The main workflow orchestrates all components:

async def async_main(project_id: Optional[str] = None, asset_id: Optional[str] = None):
    if project_id:
        # Use existing project
        project = vj.projects.get(project_id)
        audio_asset_id = asset_id
    else:
        # Create new project with audio
        project_id, audio_asset_id = search_and_render_audio()
        project = vj.projects.get(project_id)
        
        # Search and download videos
        successful_videos = 0
        processed_urls = set()
        
        async with search_agent.run_mcp_servers():
            result = await search_agent.run(
                "Find recent Nathan Fielder clips",
                usage_limits=UsageLimits(request_limit=5)
            )
        
        # Download and upload videos to project
        for video in result.output.videos:
            if video.url not in processed_urls and successful_videos < 5:
                processed_urls.add(video.url)
                try:
                    # Download video
                    safe_title = video.title.replace('/', '-')
                    output_filename = f"{safe_title}.mp4"
                    download(video.url, output_path=output_filename)
                    
                    # Upload to project
                    project.upload_asset(
                        name=video.title,
                        description=f"Agent downloaded: {video.title}",
                        filename=output_filename
                    )
                    successful_videos += 1
                    os.remove(output_filename)  # Clean up
                except Exception as e:
                    print(f"Error processing {video.title}: {e}")
        
        # Wait for video analysis
        time.sleep(45)
    
    # Create the final edit
    async with edit_agent.run_mcp_servers():
        asset = vj.assets.get(audio_asset_id)
        asset_length = asset.create_parameters['metadata']['duration_seconds']
        
        result = await edit_agent.run(
            f"""Create an edit using all video assets in project '{project.id}'.
            Use audio asset '{audio_asset_id}' as voiceover (0 to {asset_length} seconds).
            Set all video audio levels to 0. Show outdoor scenes first.
            Total video duration must match voiceover duration ({asset_length} seconds).
            Create the edit but don't render the final video.""",
            usage_limits=UsageLimits(request_limit=14)
        )
    
    print(f"Created edit: {result.output.edit_id} in project: {result.output.project_id}")

The workflow handles:

Creating or reusing projects
Downloading and managing video assets
Synchronizing video edits with audio duration
Error handling and retries

Running the Agent

The agent can be run from the command line:

@click.command()
@click.option('--project-id', '-p', help='Existing project ID to use')
@click.option('--asset-id', '-a', help='Audio asset ID for the edit')
def main(project_id: Optional[str] = None, asset_id: Optional[str] = None):
    import asyncio
    asyncio.run(async_main(project_id, asset_id))
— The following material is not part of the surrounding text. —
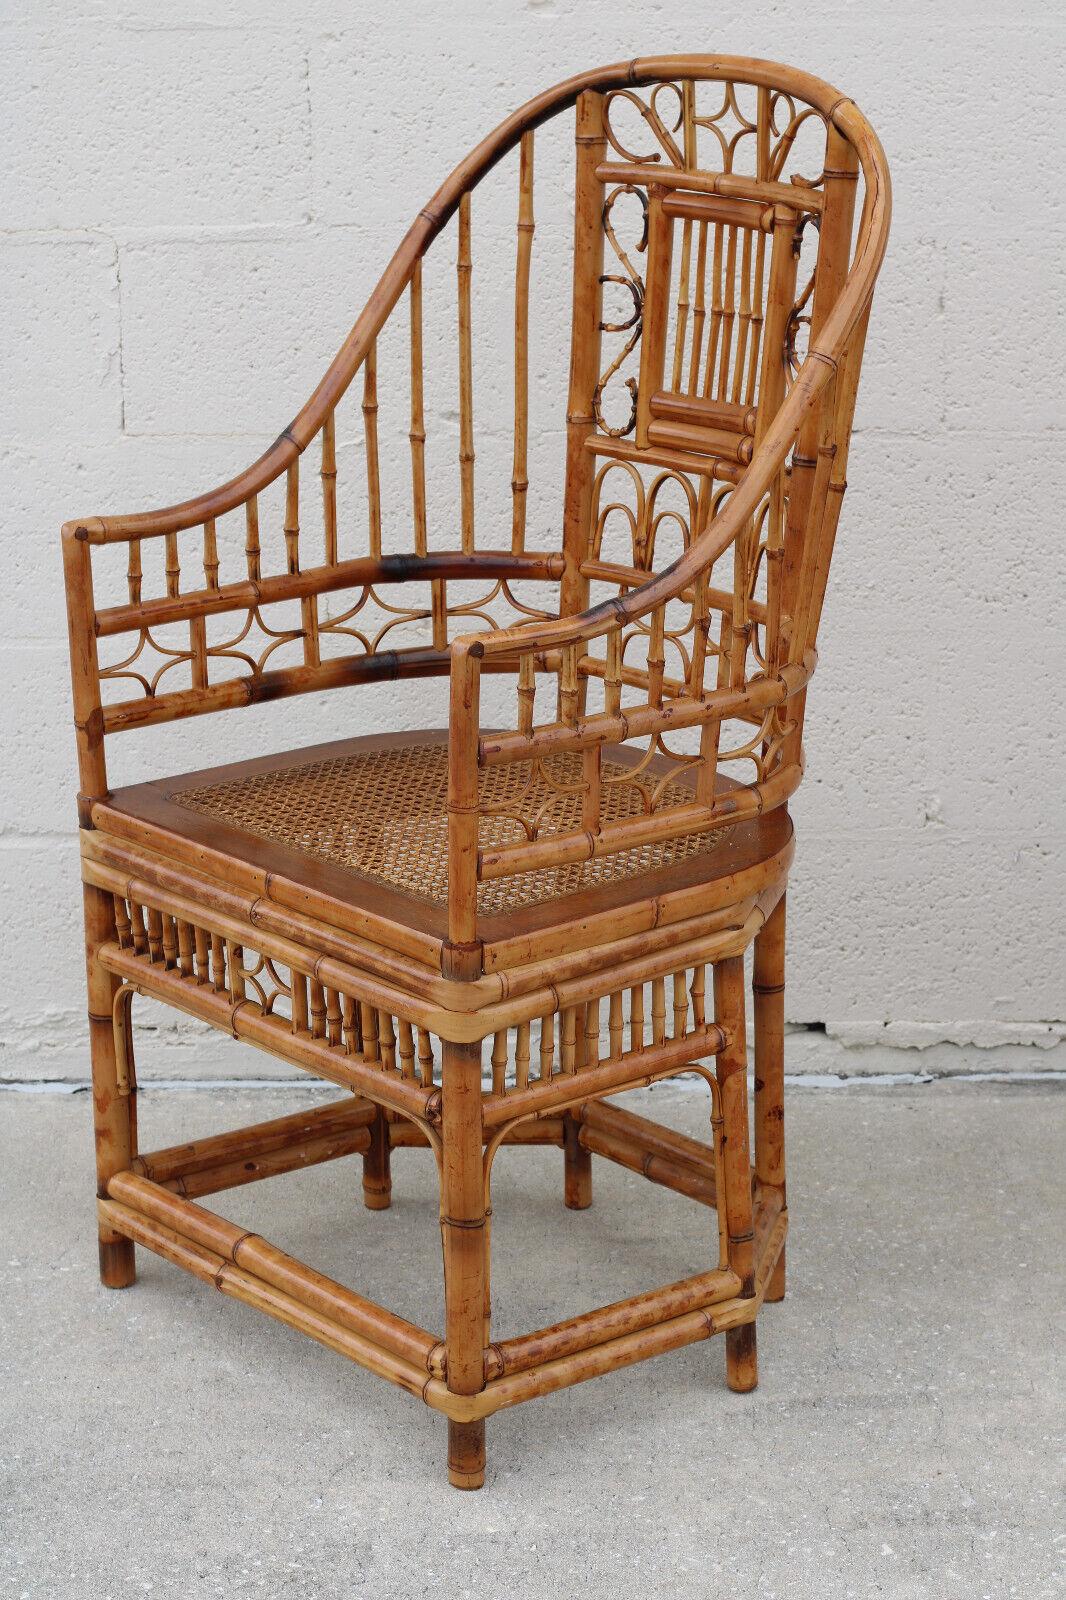 Fabuleuse paire de fauteuils à haut dossier en bambou brûlé, avec des cadres en forme de fer à cheval, dans le style Brighton Pavilion. Ces grandes chaises Chippendale chinoises magnifiquement fabriquées à la main présentent une finition en écaille
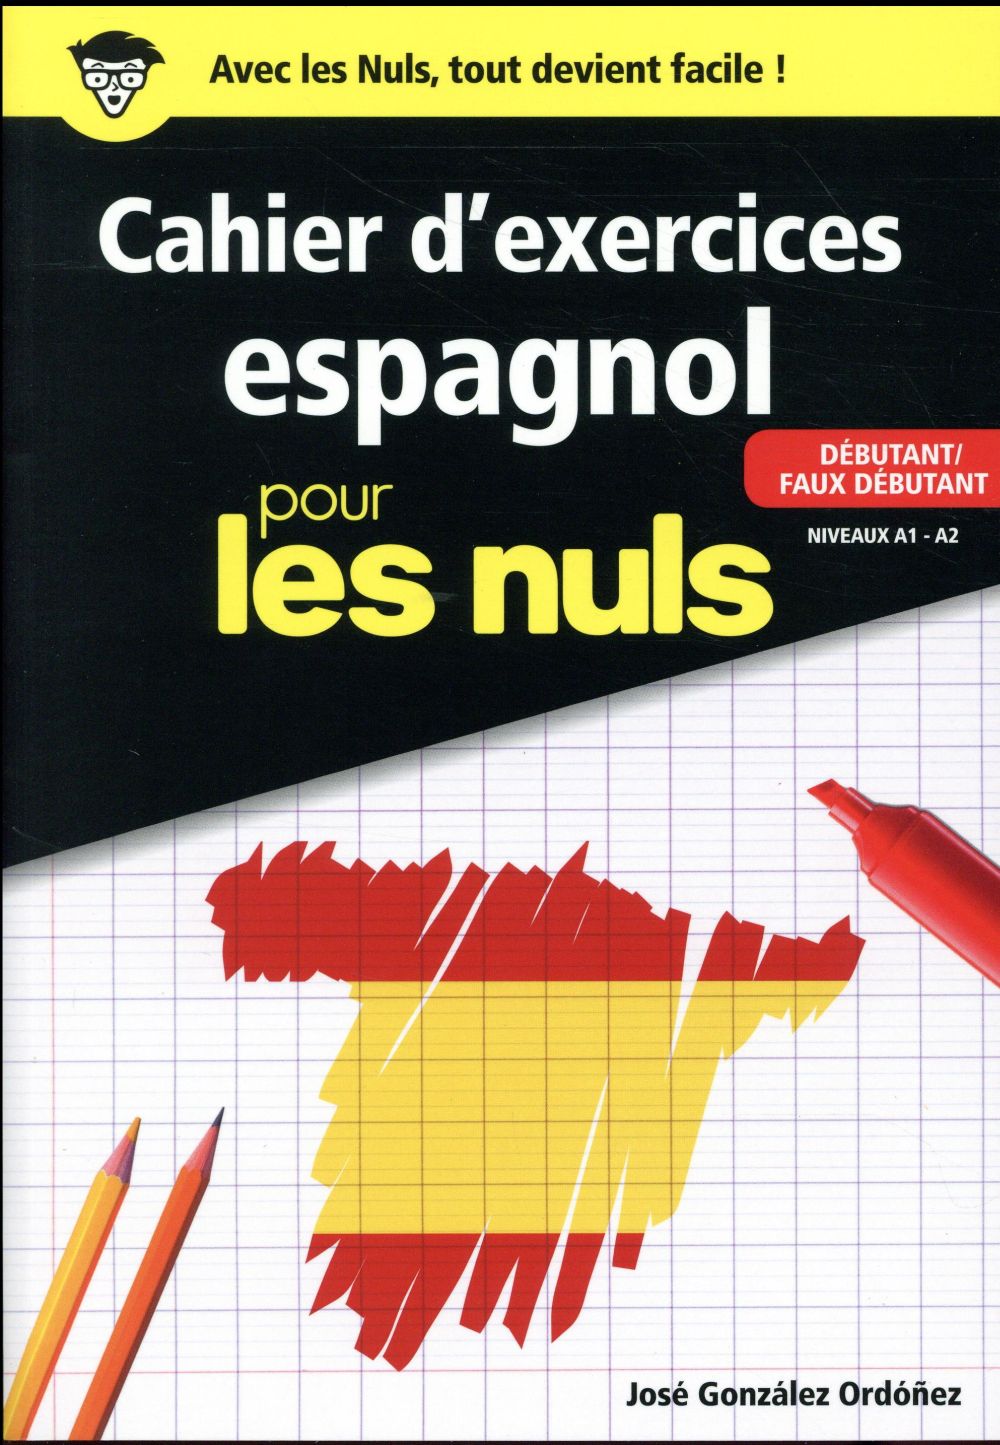 CAHIER D'EXERCICES ESPAGNOL POUR LES NULS - DEBUTANT / FAUX DEBUTANT - NIVEAUX A1 - A2

if __name__ == "__main__":
    main()

Best Practices

When building agents with Video Jungle:

1. Error Handling

Always wrap download and upload operations in try-except blocks
Keep track of processed URLs to avoid duplicates
Implement retry logic for network operations

2. Resource Management

Clean up downloaded files after uploading
Use appropriate timeouts for MCP servers
Set usage limits to control API costs

3. Agent Design

Use specialized agents for different tasks (search vs. edit)
Choose appropriate models based on task complexity
Provide detailed instructions to guide agent behavior

4. Audio-Video Synchronization

Always check audio duration before creating edits
Set video audio levels to 0 when using voiceovers
Ensure total edit duration matches audio length

5. Monitoring

Use logfire for observability
Instrument agents to track performance
Log progress for long-running operations

Remember to handle API rate limits and implement appropriate delays between operations. The time.sleep(45) in the example allows time for video analysis to complete.

By following these patterns, you can build sophisticated agents that automate complex video generation workflows while maintaining quality and reliability.